Vier Bestandteile, und jeder ist nützlich:

  • context — wo im Dokument die Regel greift. Hier: bei der Partei des Verkäufers.
  • test — der XPath-Ausdruck, der wahr sein muss. Hier: Es muss ein cac:Contact existieren.
  • flag — der Schweregrad. fatal lehnt ab, warning merkt an.
  • id — die Kennung, unter der der Verstoß gemeldet wird.

Der Text dazwischen ist die Meldung, die Sie im Ergebnis sehen. Er nennt das Feld in BT/BG-Notation, weil dieselbe Regel für CII und UBL gelten muss — die Elementnamen unterscheiden sich, die BG-Nummer nicht.

Eine Regel, die rechnet

xml
1<assert test="xs:decimal(cbc:LineExtensionAmount) =
2 round(10 * 10 * sum(//cac:InvoiceLine/cbc:LineExtensionAmount)) div 100"
3 flag="fatal" id="BR-CO-10">
4 Sum of Invoice line net amount (BT-106) = Σ Invoice line net amount (BT-131).
5</assert>

Hier sieht man, warum XSD nicht ausgereicht hätte: Der Test summiert über alle Positionen und vergleicht das Ergebnis mit einem Feld an ganz anderer Stelle.

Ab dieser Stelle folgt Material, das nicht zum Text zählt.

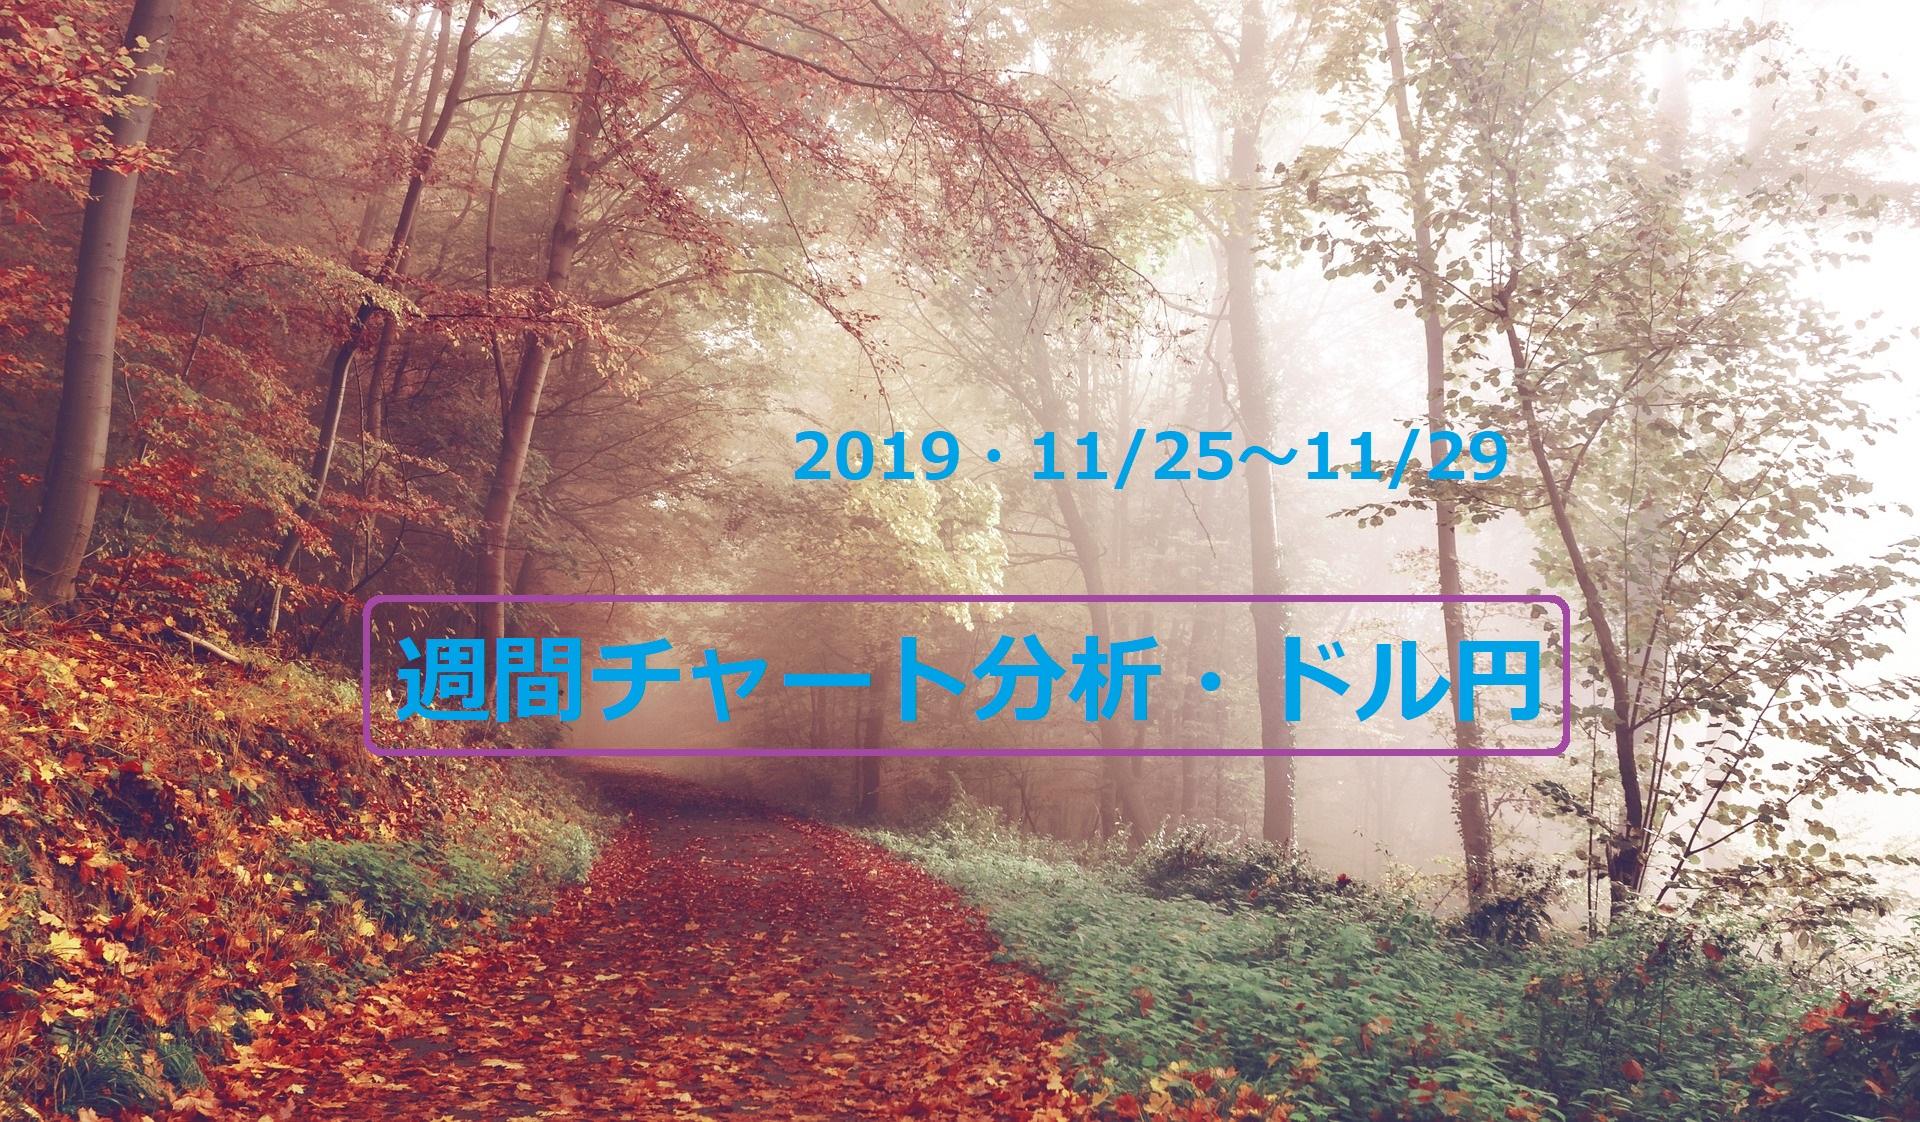 【FX】週間チャート分析・ドル円【2019・11/25~11/29】

🔵 Man sieht auch, warum Rundung so oft das Problem ist. Der Ausdruck rundet explizit auf zwei Nachkommastellen. Wer ungerundete Werte summiert und erst das Ergebnis rundet, landet bei vielen Positionen einen Cent daneben — und die Regel ist fatal.

Die Regelfamilien

Ein Dokument wird nie gegen ein einzelnes Regelwerk geprüft, sondern gegen einen Stapel. Am Präfix erkennen Sie, wer die Regel aufgestellt hat:

PräfixHerkunftBeispiel
BR-Kern von EN 16931BR-11 Länderkennzeichen der Käuferanschrift
BR-CO-Rechenregeln der NormBR-CO-10 Positionssummen
BR-DE-, DE-R-deutsche ZusatzregelnDE-R-001 Zahlungsangaben
PEPPOL-Peppol-VerbundRegeln für BIS Billing
UBL-CR-, CII-SR-syntaxspezifischCodelisten, Attribute

Ein Dokument muss alle zutreffenden bestehen. Deshalb genügt es nicht, gegen EN 16931 zu prüfen, wenn das Ziel eine deutsche Behörde ist.

Eine Fehlermeldung lesen

text
1[BR-DE-2] fatal
2The group "SELLER CONTACT" (BG-6) shall be provided.

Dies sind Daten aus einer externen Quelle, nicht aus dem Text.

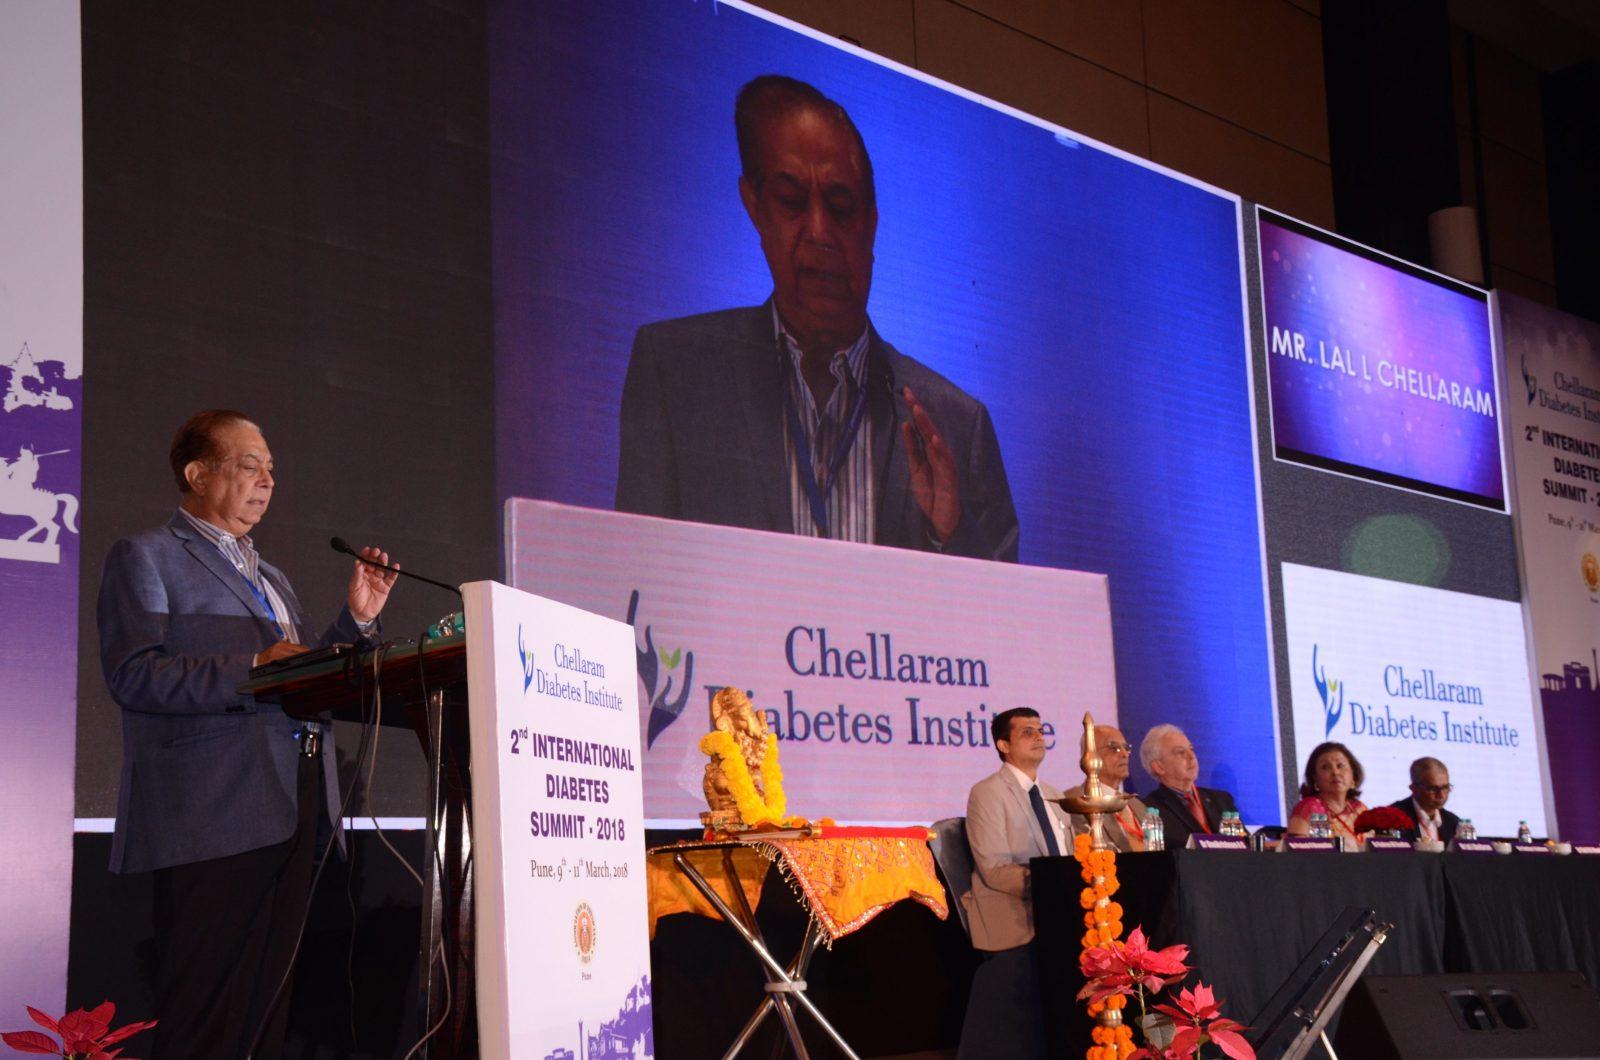 International Diabetes Summit, India

Schritt 1 — Schweregrad. fatal? Dann ist das der Ablehnungsgrund. warning? Dann liegt die Ursache woanders.

Schritt 2 — Präfix. BR-DE- sagt: deutsche Zusatzregel. Ihr Dokument erfüllt also möglicherweise die europäische Norm einwandfrei und scheitert nur an der nationalen Verschärfung.

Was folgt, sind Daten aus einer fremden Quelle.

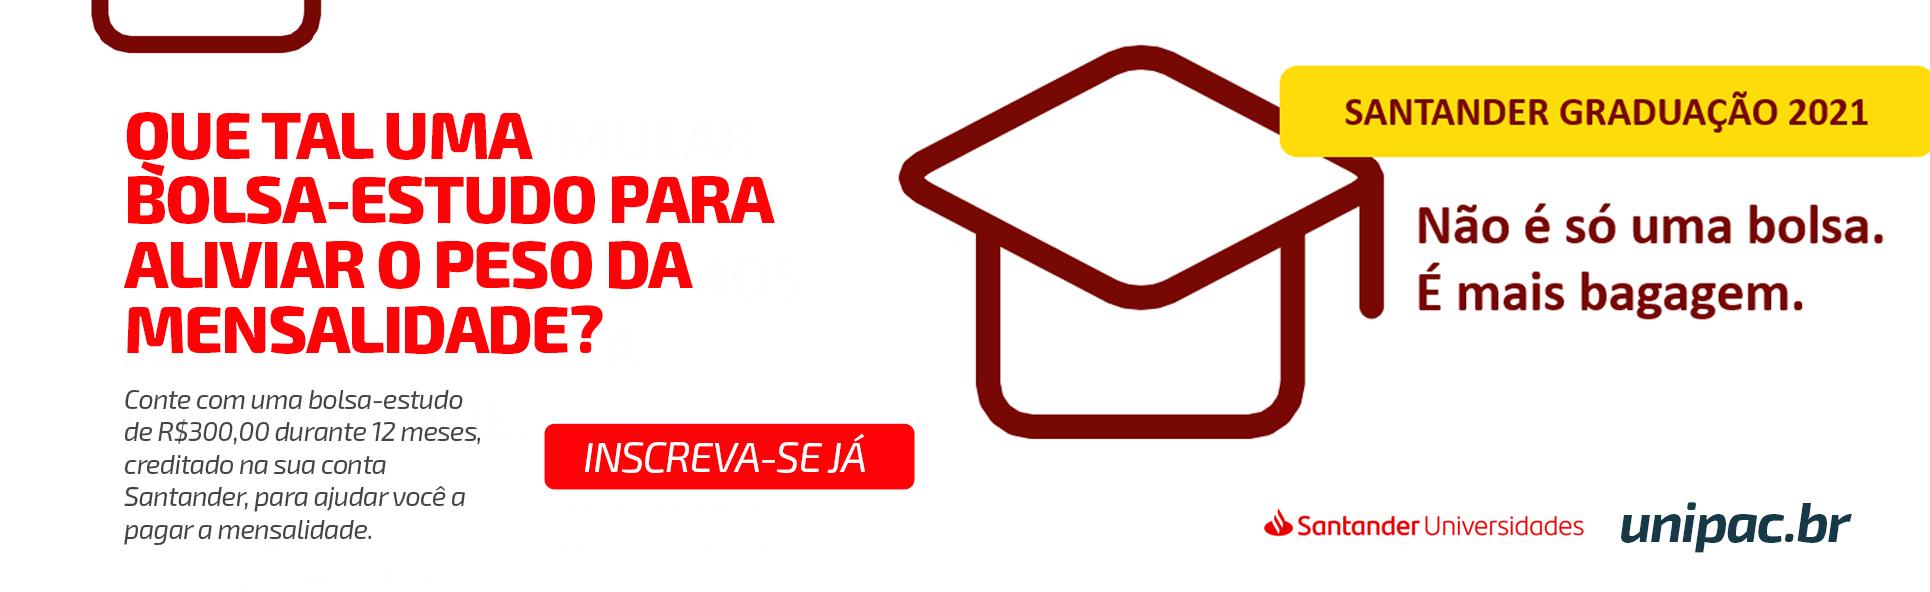 Santander Universidades – desktop 22/03/21

Schritt 3 — BT/BG-Nummer. BG-6 ist die Kontaktgruppe des Verkäufers. Suchen Sie in Ihrem System nach dem, was diese Gruppe füllt — nicht nach dem Elementnamen.

Schritt 4 — bei Bedarf den Test ansehen. Wenn die Meldung mehrdeutig bleibt, ist der XPath-Ausdruck die verbindliche Auskunft. Er sagt genau, an welcher Stelle gesucht wurde.

Warum Regelwerke Versionen haben

Schematron-Regelwerke werden gepflegt, und mit einer neuen Version ändern sich nicht nur Regeln, sondern gelegentlich auch Schweregrade. Eine Regel, die letztes Jahr eine Warnung war, kann dieses Jahr fatal sein.

Für die Praxis folgt daraus ein unbequemer, aber wichtiger Satz: Eine Rechnung, die durchgegangen ist, ist keine Zusicherung für die nächste. Prüfen Sie gegen die Version, die Ihr Empfänger einsetzt — nicht gegen die, die beim Bau Ihrer Schnittstelle aktuell war.